WHAT THE TASK REQUIRES: Looking at the records below, say how many lines include "color", and add nothing else.
=== Section Start ===
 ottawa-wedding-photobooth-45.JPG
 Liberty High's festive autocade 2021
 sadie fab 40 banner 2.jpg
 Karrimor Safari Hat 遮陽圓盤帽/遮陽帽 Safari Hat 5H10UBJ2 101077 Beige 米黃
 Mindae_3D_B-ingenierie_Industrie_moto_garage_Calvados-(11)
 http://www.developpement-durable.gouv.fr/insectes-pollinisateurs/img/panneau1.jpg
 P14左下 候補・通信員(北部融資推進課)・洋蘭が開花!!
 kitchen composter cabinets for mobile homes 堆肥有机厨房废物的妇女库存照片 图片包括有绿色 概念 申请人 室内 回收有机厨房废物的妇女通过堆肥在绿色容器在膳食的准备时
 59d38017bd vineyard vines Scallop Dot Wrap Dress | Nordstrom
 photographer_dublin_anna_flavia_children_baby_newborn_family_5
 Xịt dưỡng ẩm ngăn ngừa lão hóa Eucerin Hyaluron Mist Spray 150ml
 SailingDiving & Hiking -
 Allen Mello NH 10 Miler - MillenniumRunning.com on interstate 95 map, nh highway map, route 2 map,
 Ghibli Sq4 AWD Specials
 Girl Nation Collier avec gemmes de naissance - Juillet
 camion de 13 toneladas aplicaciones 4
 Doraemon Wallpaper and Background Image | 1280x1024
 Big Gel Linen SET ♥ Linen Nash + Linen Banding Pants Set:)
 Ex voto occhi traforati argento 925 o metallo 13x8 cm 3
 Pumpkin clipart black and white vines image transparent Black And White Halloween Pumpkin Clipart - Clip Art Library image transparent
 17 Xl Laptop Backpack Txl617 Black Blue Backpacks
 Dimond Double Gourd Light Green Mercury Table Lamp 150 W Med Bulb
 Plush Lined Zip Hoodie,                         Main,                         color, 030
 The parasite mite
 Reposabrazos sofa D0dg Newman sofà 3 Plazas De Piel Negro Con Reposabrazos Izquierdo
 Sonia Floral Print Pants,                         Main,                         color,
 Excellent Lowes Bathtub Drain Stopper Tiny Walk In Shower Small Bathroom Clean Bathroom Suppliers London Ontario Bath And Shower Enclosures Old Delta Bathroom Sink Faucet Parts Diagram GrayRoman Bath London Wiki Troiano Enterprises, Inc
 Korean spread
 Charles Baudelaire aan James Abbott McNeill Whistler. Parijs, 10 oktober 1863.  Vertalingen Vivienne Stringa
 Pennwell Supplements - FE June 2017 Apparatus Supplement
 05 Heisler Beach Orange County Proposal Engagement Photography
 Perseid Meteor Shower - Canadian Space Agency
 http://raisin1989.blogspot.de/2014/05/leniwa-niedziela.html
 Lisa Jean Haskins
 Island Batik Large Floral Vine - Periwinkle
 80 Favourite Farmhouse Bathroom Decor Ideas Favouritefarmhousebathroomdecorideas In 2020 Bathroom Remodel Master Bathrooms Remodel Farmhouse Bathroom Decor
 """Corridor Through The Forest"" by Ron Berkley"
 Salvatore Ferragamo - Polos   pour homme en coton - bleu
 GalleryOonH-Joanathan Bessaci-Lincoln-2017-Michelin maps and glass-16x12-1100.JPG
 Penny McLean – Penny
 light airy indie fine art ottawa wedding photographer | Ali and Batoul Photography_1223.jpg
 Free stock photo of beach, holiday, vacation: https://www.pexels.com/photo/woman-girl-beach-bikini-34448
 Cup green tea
=== Section End ===
ANSWER: 2